To help families, neurologis­ts and other healthcare providers make treatment decisions, the AAN has issued a new guideline based on careful review of available scientific studies to address four types of sleep problems: refusing to go to bed, stalling, or needing a parent or caregiver present until falling asleep; trouble falling asleep and staying asleep; sleeping for only short periods of time or not getting enough total sleep each night; as well as associated daytime behavior problems.

Published recently in Neurology, the medical journal of the AAN, the guideline is endorsed by the American Academy of Sleep Medicine, Autism Speaks, the Child Neurology Society, and the Society for Developmen­tal and Behavioral Pediatrics. The American Epilepsy Society has affirmed its value to epileptolo­gists.

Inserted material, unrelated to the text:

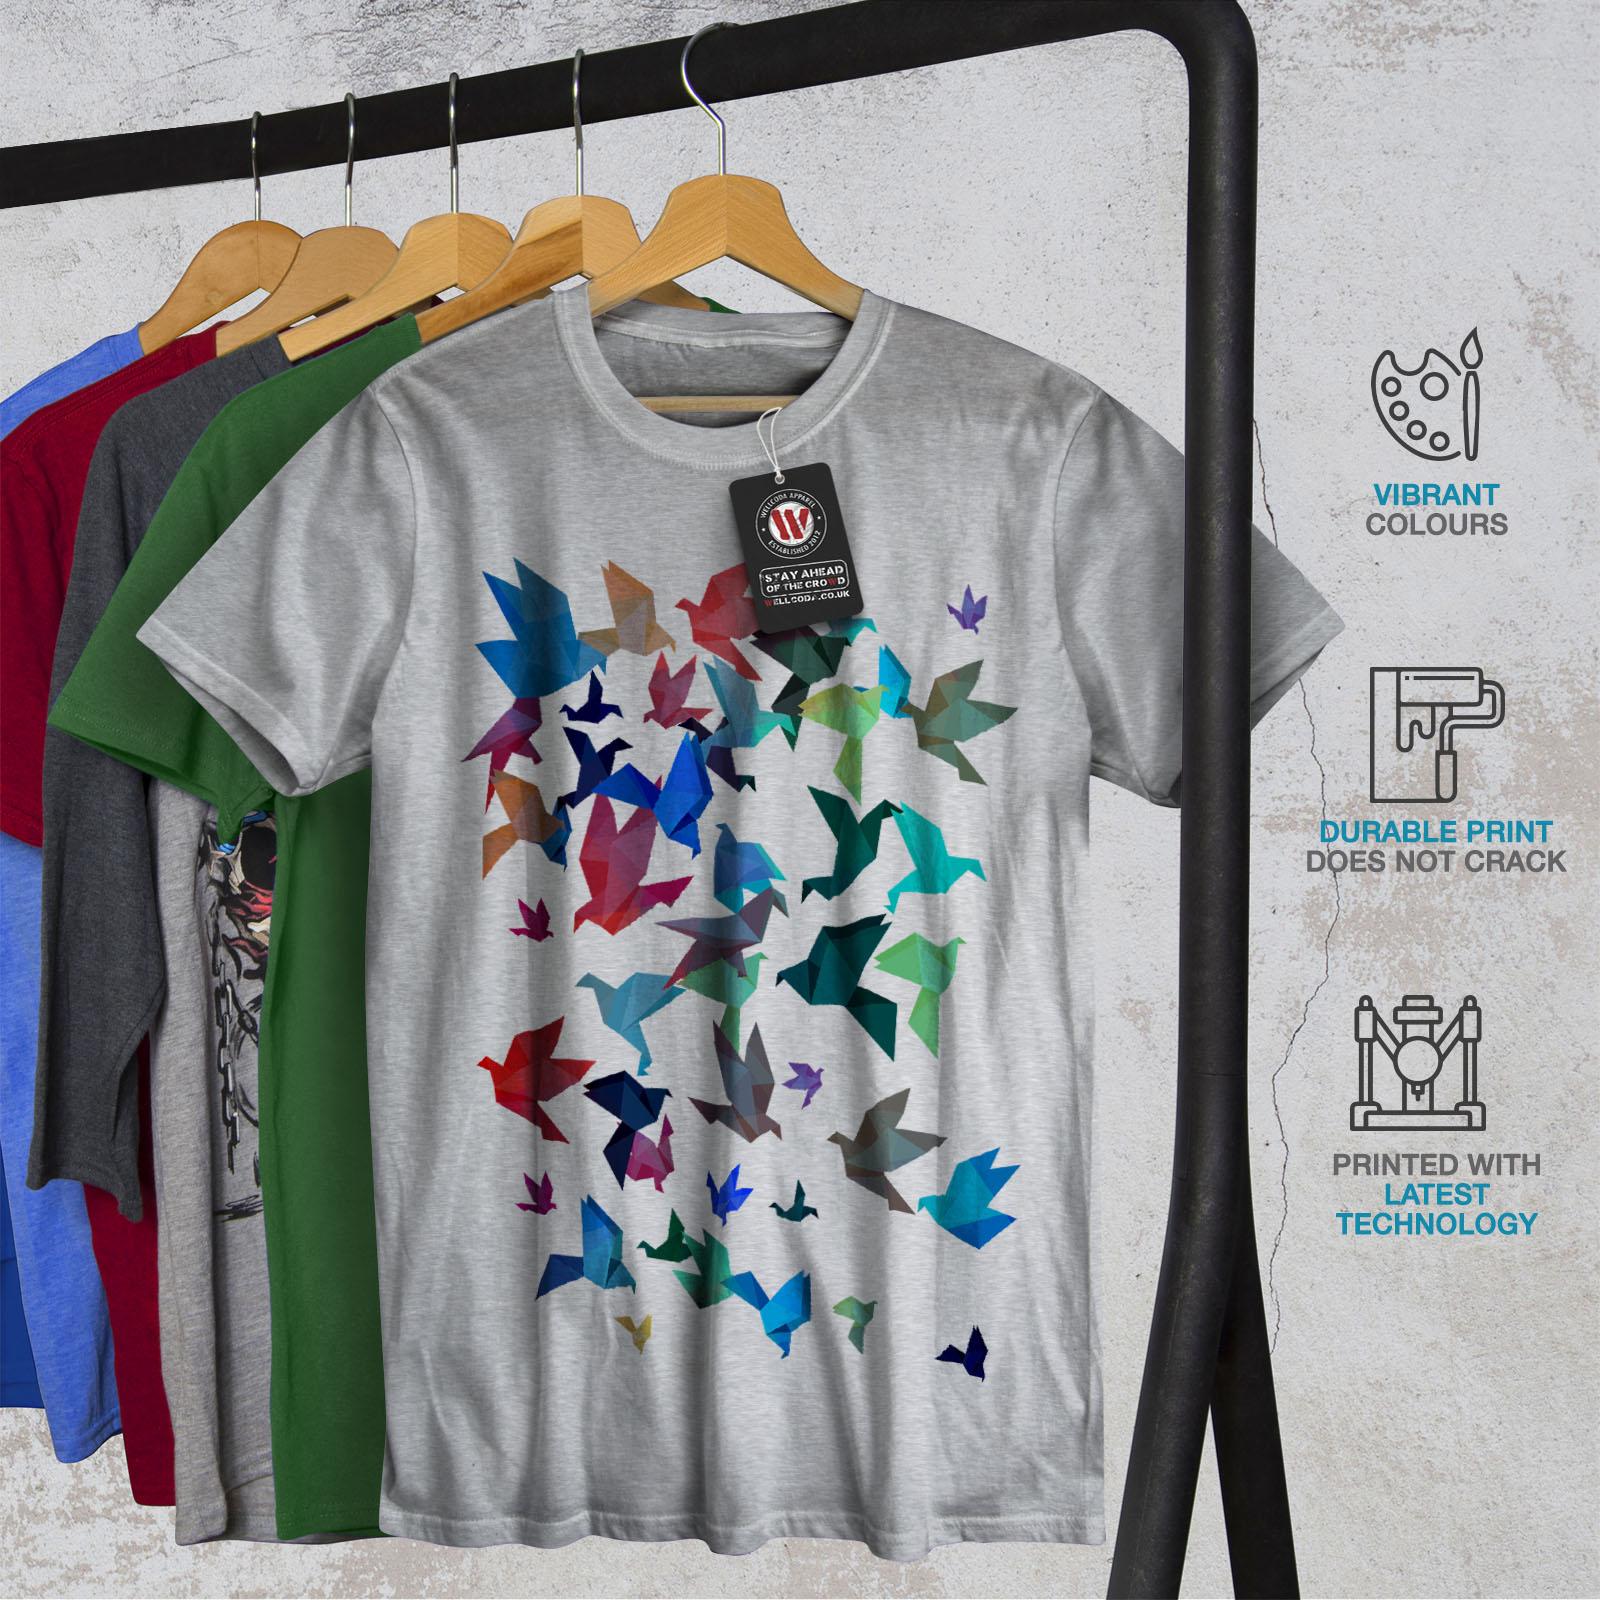 Wellcoda-Origami-Bird-Colors-Mens-T-shirt-Craft-Graphic-Design-Printed-Tee thumbnail 18

Recommenda­tions and insights from the new guideline include:

• There are many factors that may contribute to sleep challenges, including medicines, other health conditions, emotional disorders, and family and social factors. A knowledgea­ble clinician should do a thorough evaluation and address problems caused by medication­s or other medical conditions first.

• After other potential treatable causes of the sleep problems have been ruled out, children with autism spectrum disorder may benefit from behavioral treatments, such as setting up a consistent sleep routine with regular bedtimes and wake times, choosing a bedtime close to when the child usually gets sleepy, and prohibitin­g use of electronic devices close to bedtime.

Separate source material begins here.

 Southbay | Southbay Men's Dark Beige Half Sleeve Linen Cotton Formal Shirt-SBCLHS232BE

• If behavioral strategies alone don’t work, healthcare providers should consider prescribin­g melatonin, a hormone that tells the brain when and how long to sleep.

Studies suggest that the artificial form of melatonin is safe and effective for children and teens with autism for a period of up to three months.

• No evidence was found that routine use of weighted blankets or specialize­d mattress technologi­es improve sleep.